● WHAT TO DO:
Although the records contain pictures, the copy should leave them out and match everything else exactly.

● GIVEN DATA:

-*-*-

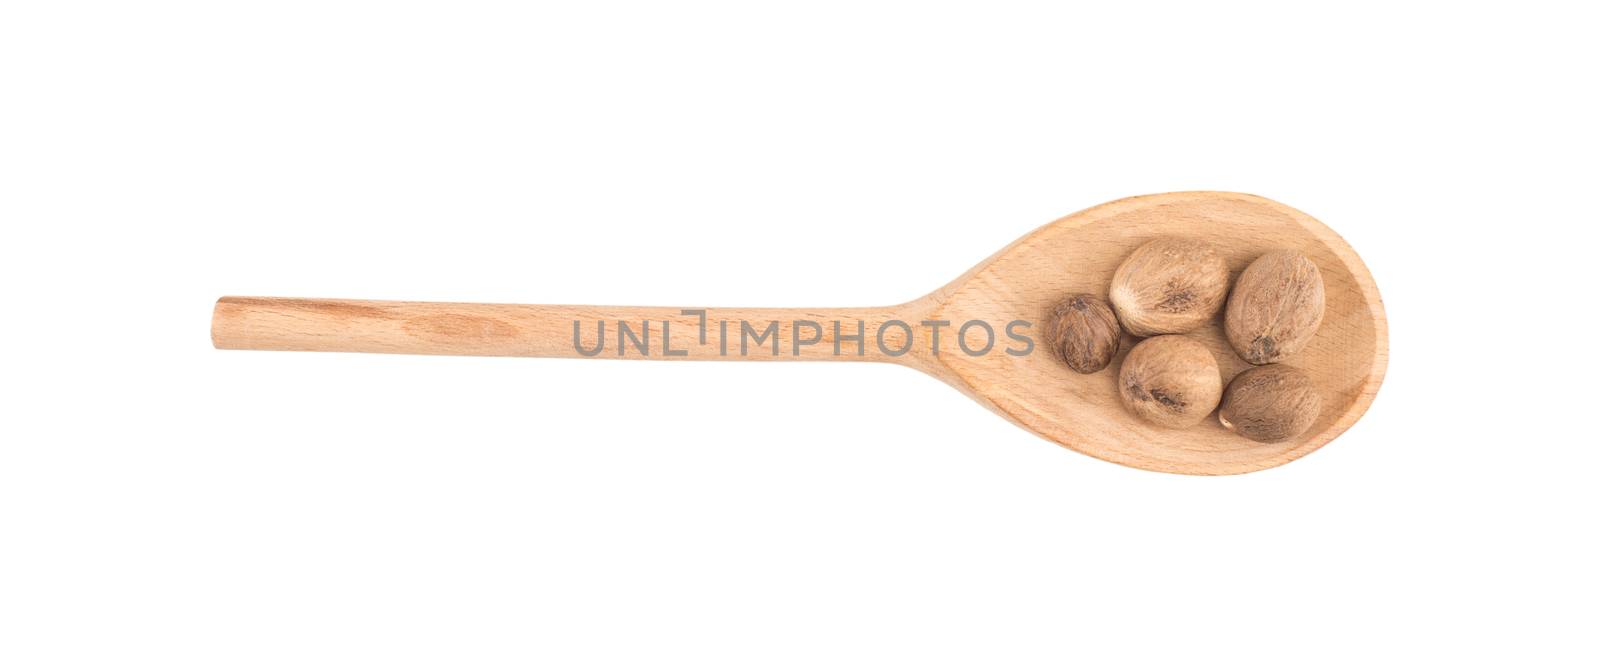 Nutmeg in wooden spoon by DGolbay
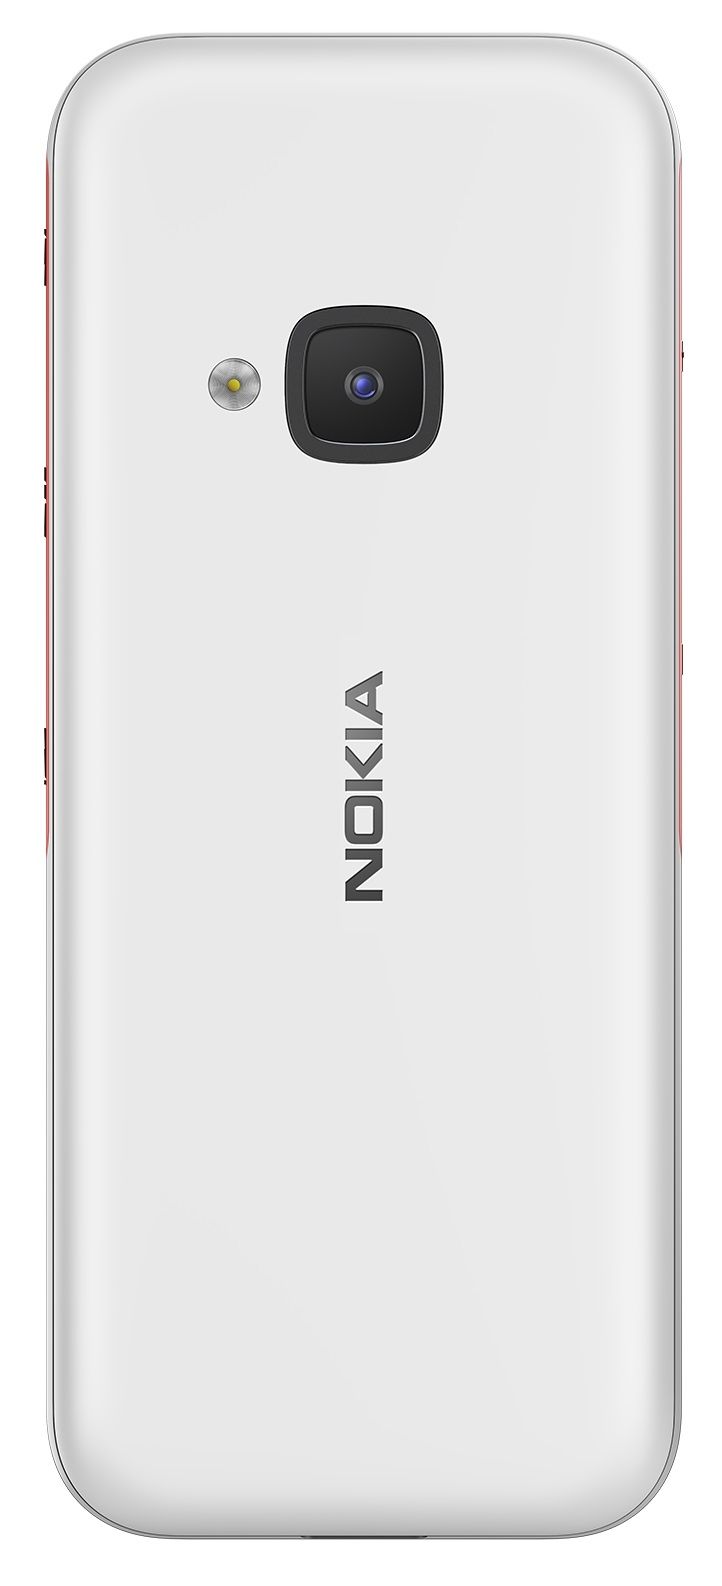 Акция на Мобільний телефон Nokia 5310 2020 DualSim White/Red от Територія твоєї техніки - 2
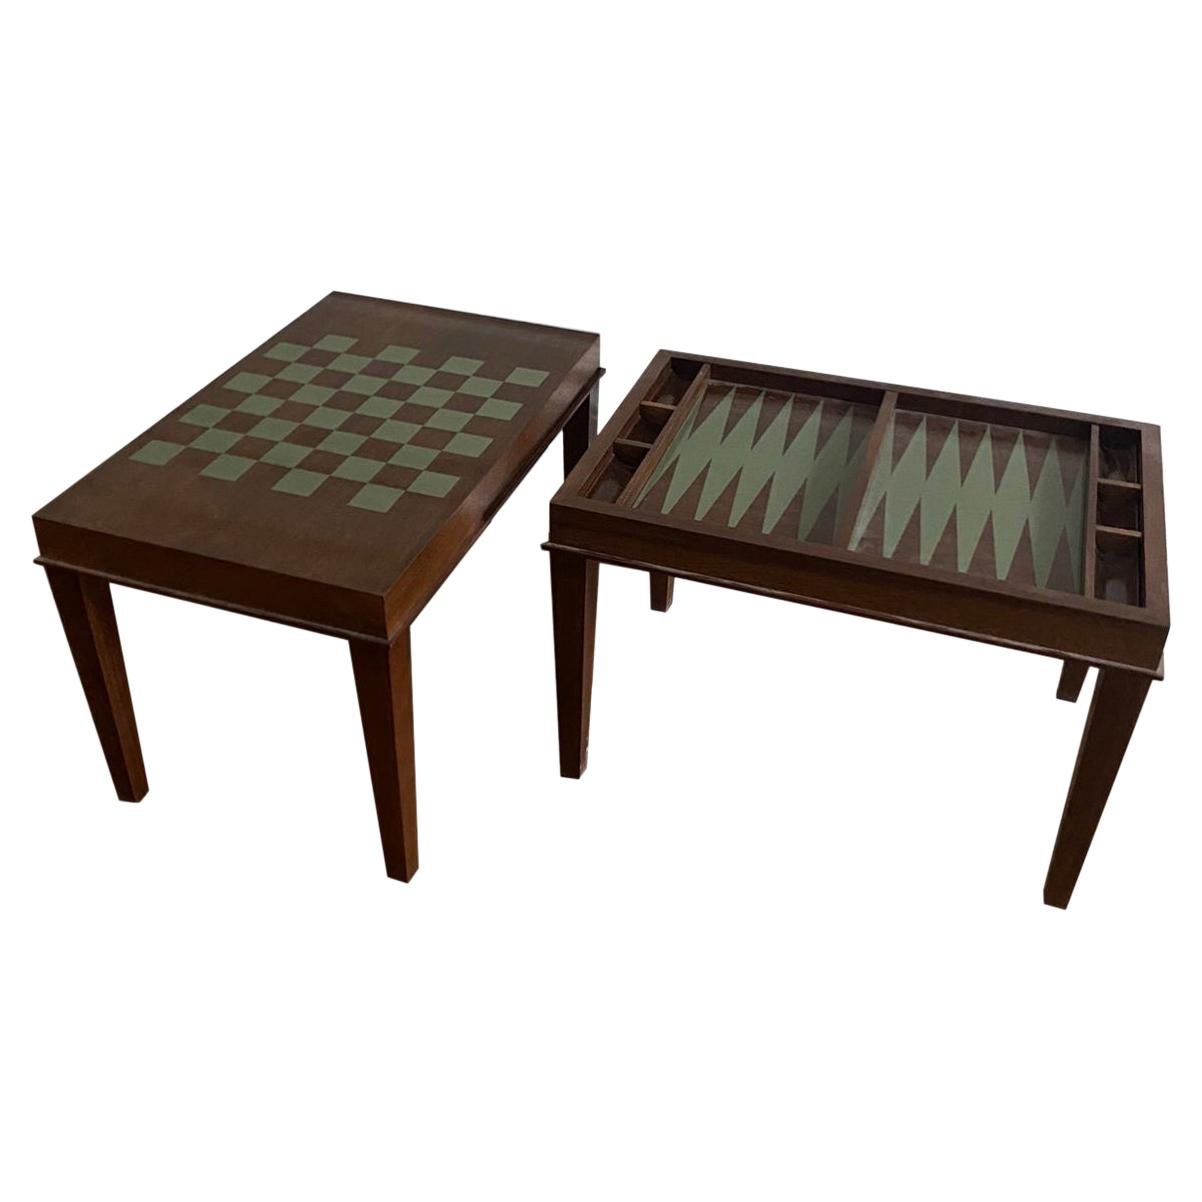 Bemalte Schach- und Backgammon-Spieltische
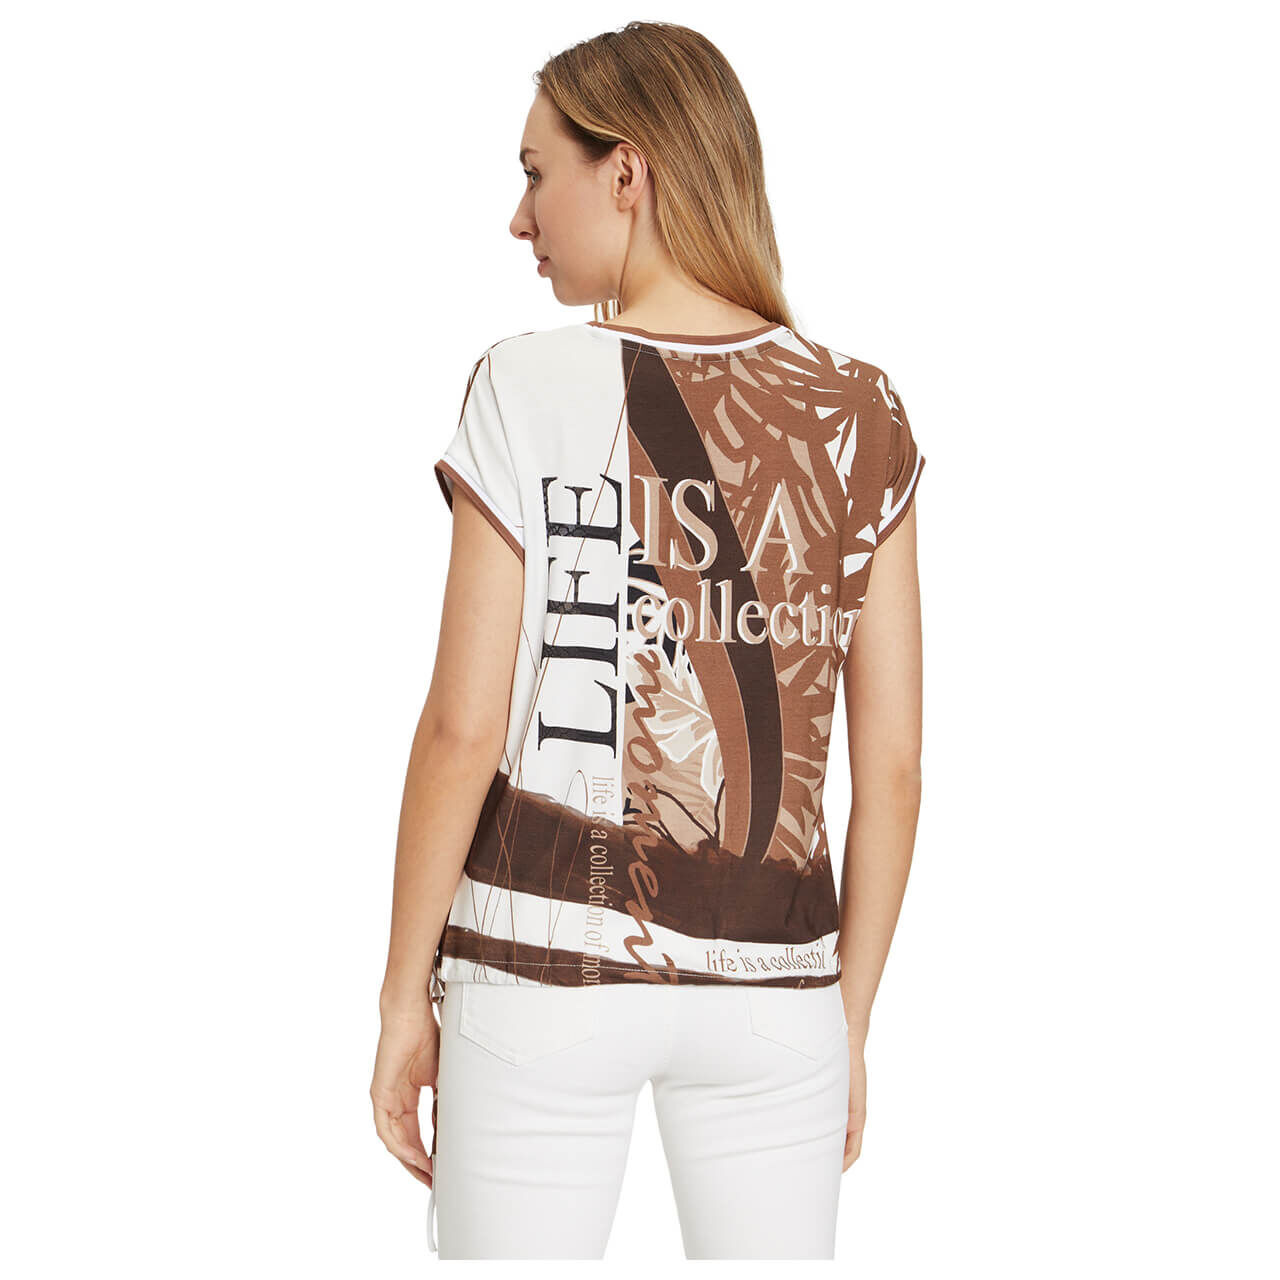 Betty Barclay T-Shirt für Damen in Dunkelbraun mit Print, FarbNr.: 7810
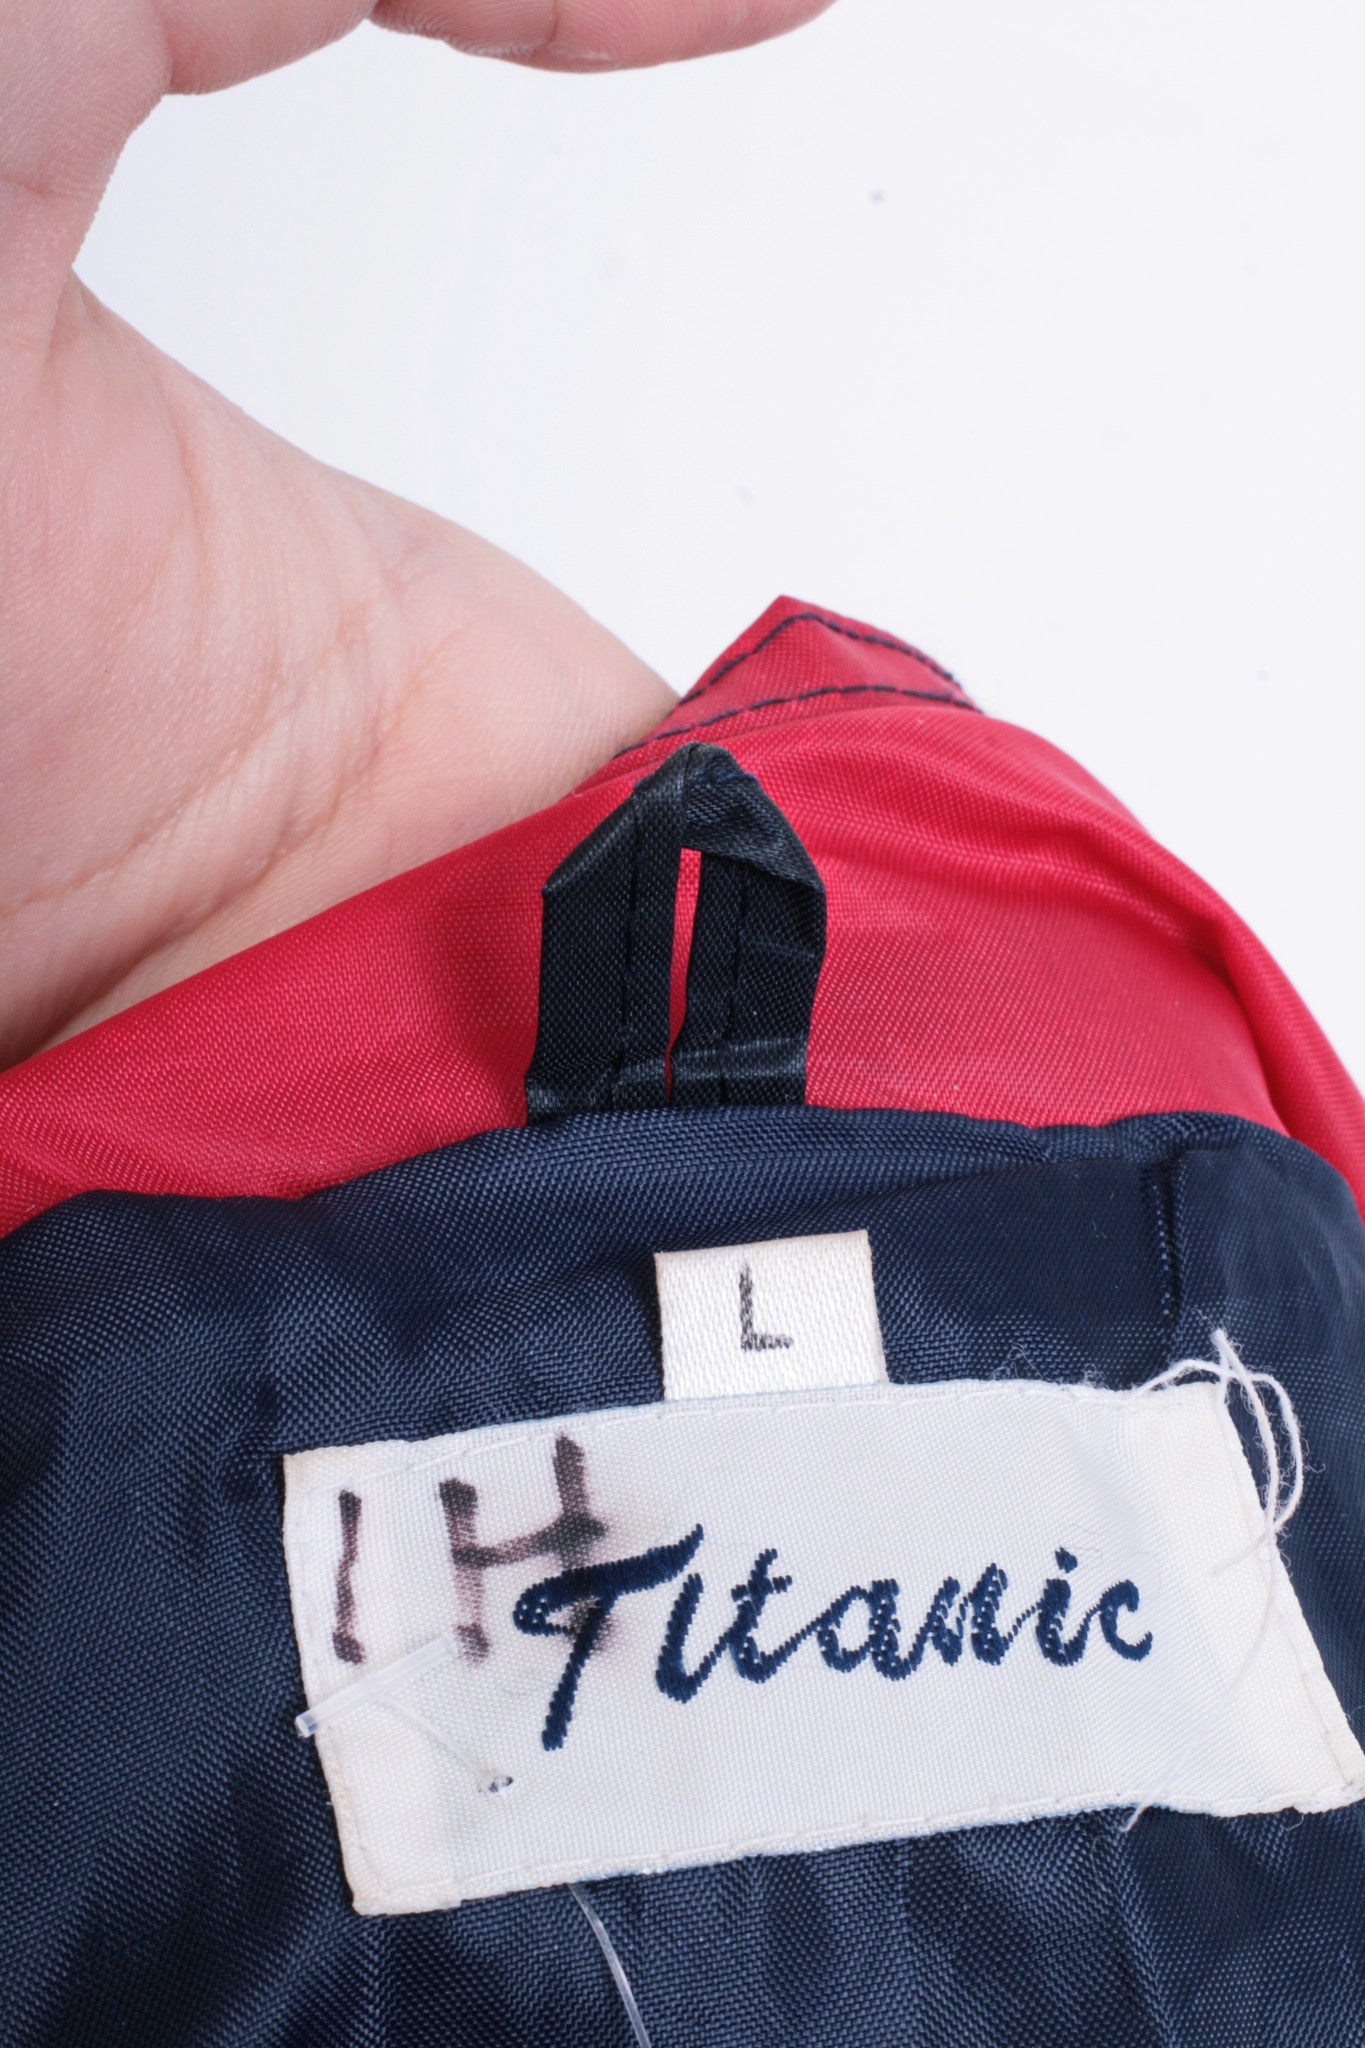 Titanic Mens L XL Vintage Jacket Parka Hood Shiny Navy Blue Green Festival - RetrospectClothes

-*-*-

● RESPONSE FOR THIS EXERCISE:
 Nutmeg in wooden spoon by DGolbay
 Акция на Мобільний телефон Nokia 5310 2020 DualSim White/Red от Територія твоєї техніки - 2
 Bemalte Schach- und Backgammon-Spieltische
 Betty Barclay T-Shirt für Damen in Dunkelbraun mit Print, FarbNr.: 7810
 Titanic Mens L XL Vintage Jacket Parka Hood Shiny Navy Blue Green Festival - RetrospectClothes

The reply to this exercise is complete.